The ancient Maya built stone temples and palaces in the rainforest of Central America, along with dynastic records of royal leaders carved in stone, but they lacked a basic commodity essential to daily life: salt. The sources of salt are mainly along the coast, including salt flats on the Yucatan coast and brine-boiling along the coast of Belize, where it rains a lot.
The article, “Briquetage and brine: Living and Working at the Ek Way Nal Salt Works, Belize,” was published in the journal Ancient Mesoamerica.
Sills worked with Louisiana State University (LSU) archaeologist Heather McKillop, whose team excavated salt kitchens where brine was boiled in clay pots over fires in pole and thatch buildings were preserved in oxygen-free sediment below the sea floor in Belize.
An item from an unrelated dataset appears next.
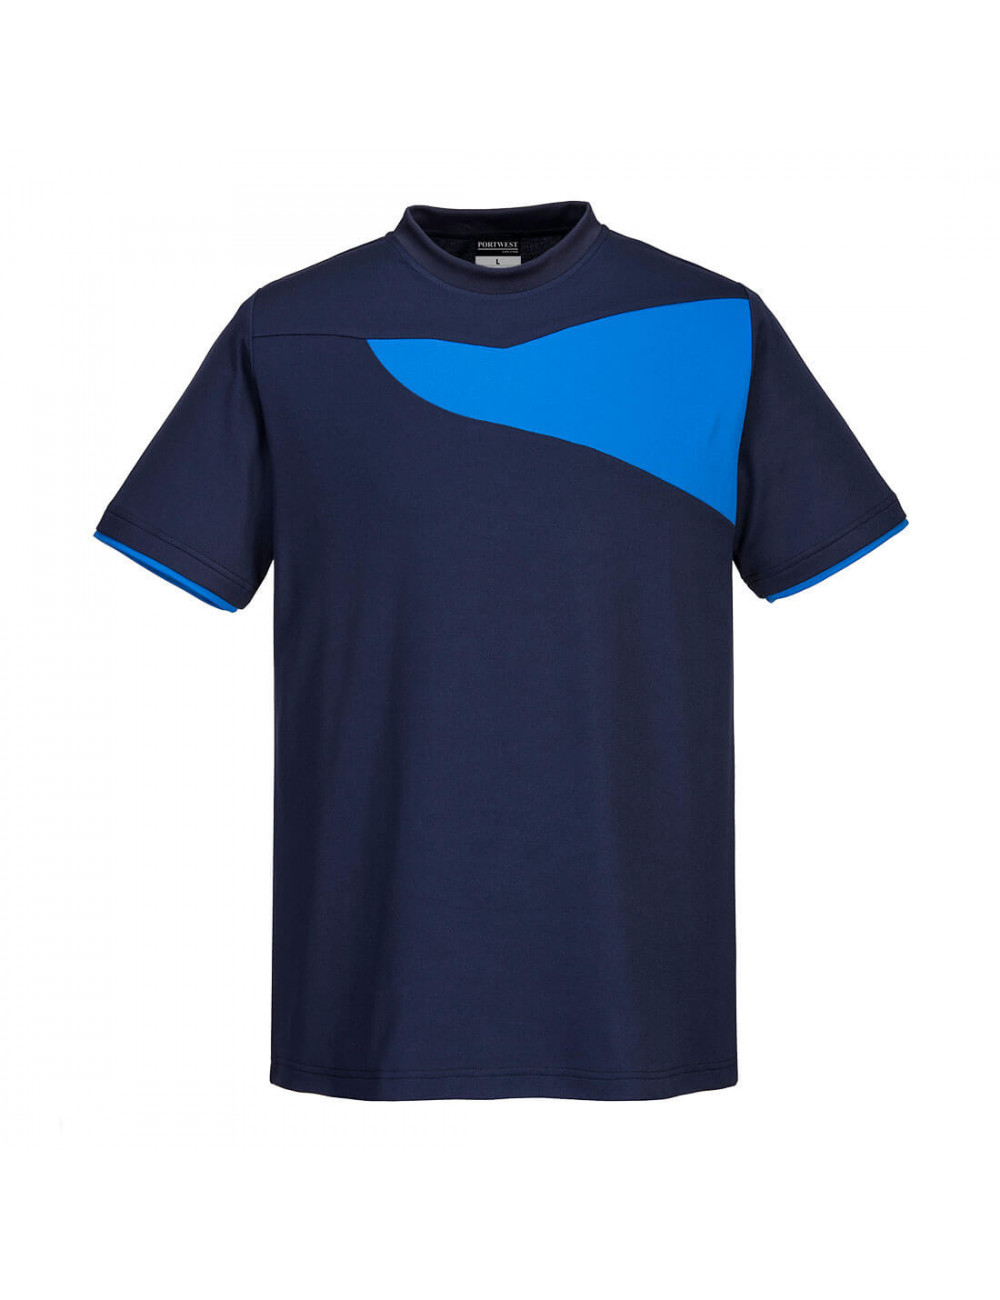 PW2 T-Shirt Marineblau/Königsblau Portwest
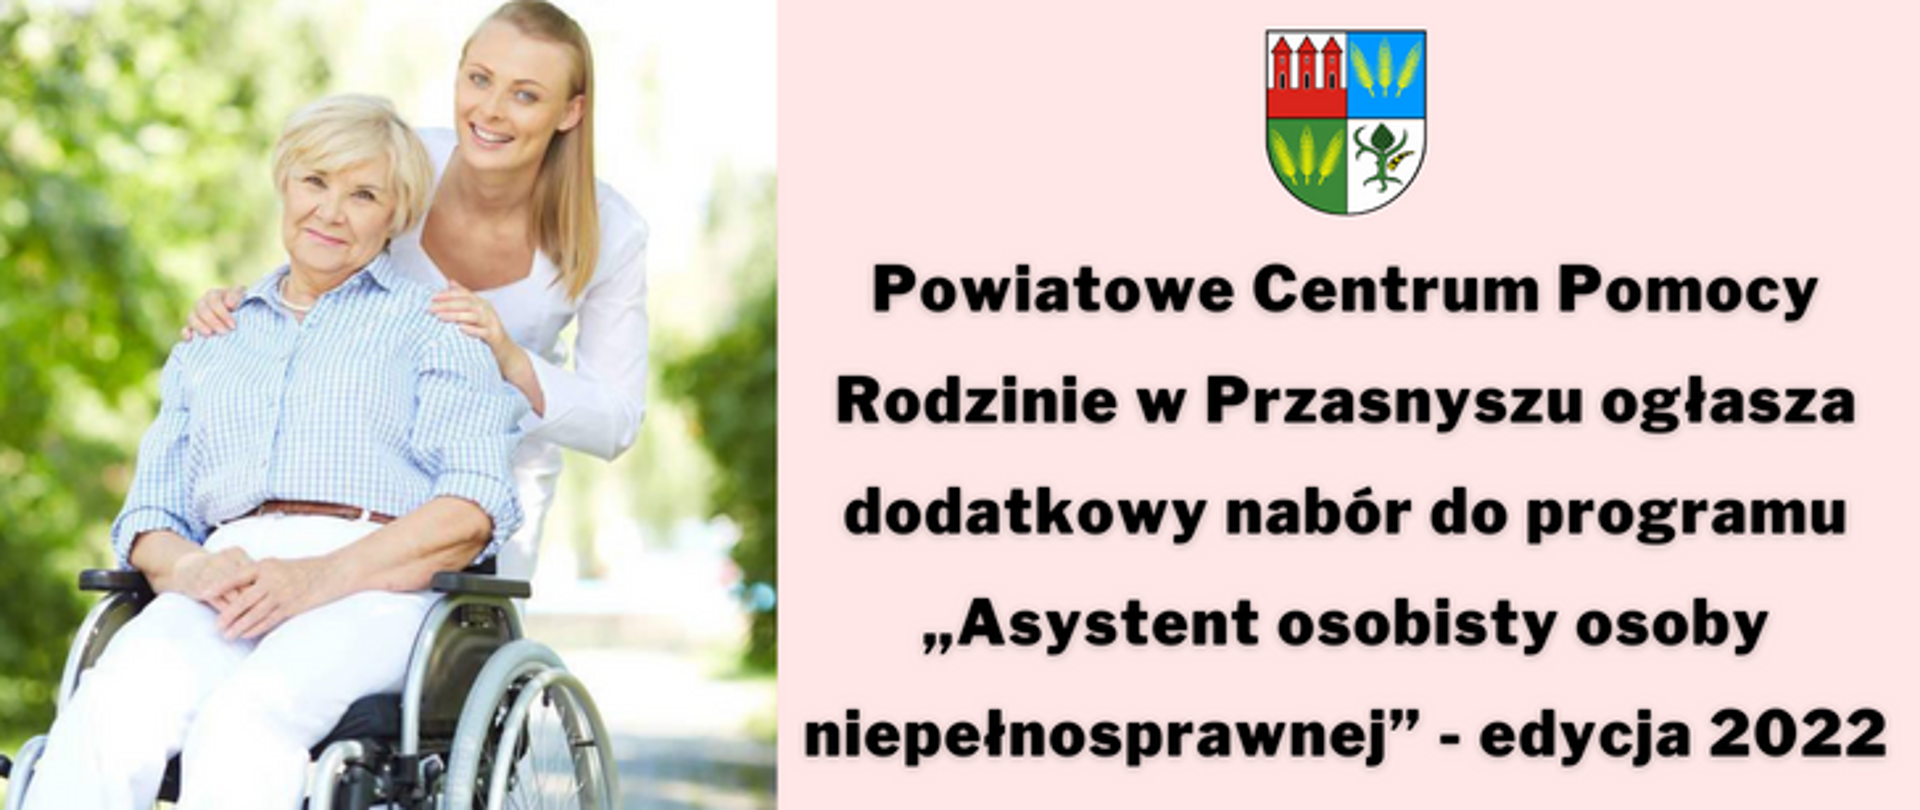 Powiatowe Centrum Pomocy Rodzinie ogłasza dodatkowy nabór do programu „Asystent osobisty osoby niepełnosprawnej”.

Where these salt workers lived has been elusive, leaving possible interpretations of daily or seasonal workers from the coast or even inland. This gap left nagging questions about the organization of production and distribution according to McKillop.
McKillop and Sills began this new project in search of residences where the salt workers lived and to understand the energetics of production of salt with funding from the National Science Foundation. Although field work at Ek Way Nal, where the Paynes Creek Saltworks is located, has been postponed since March 2020 due to the pandemic, the researchers turned to material previously exported for study in the LSU Archaeology lab, including hundreds of wood samples from pole and thatch buildings, as well as pottery sherds.
In the Ancient Mesoamerica article, they report a three-part building construction sequence with salt kitchens, at least one residence and an outdoor area where fish were salted and dried. The archaeologists’ strategy of radiocarbon dating each building produced a finer grain chronology for Ek Way Nal that they are using for more sites.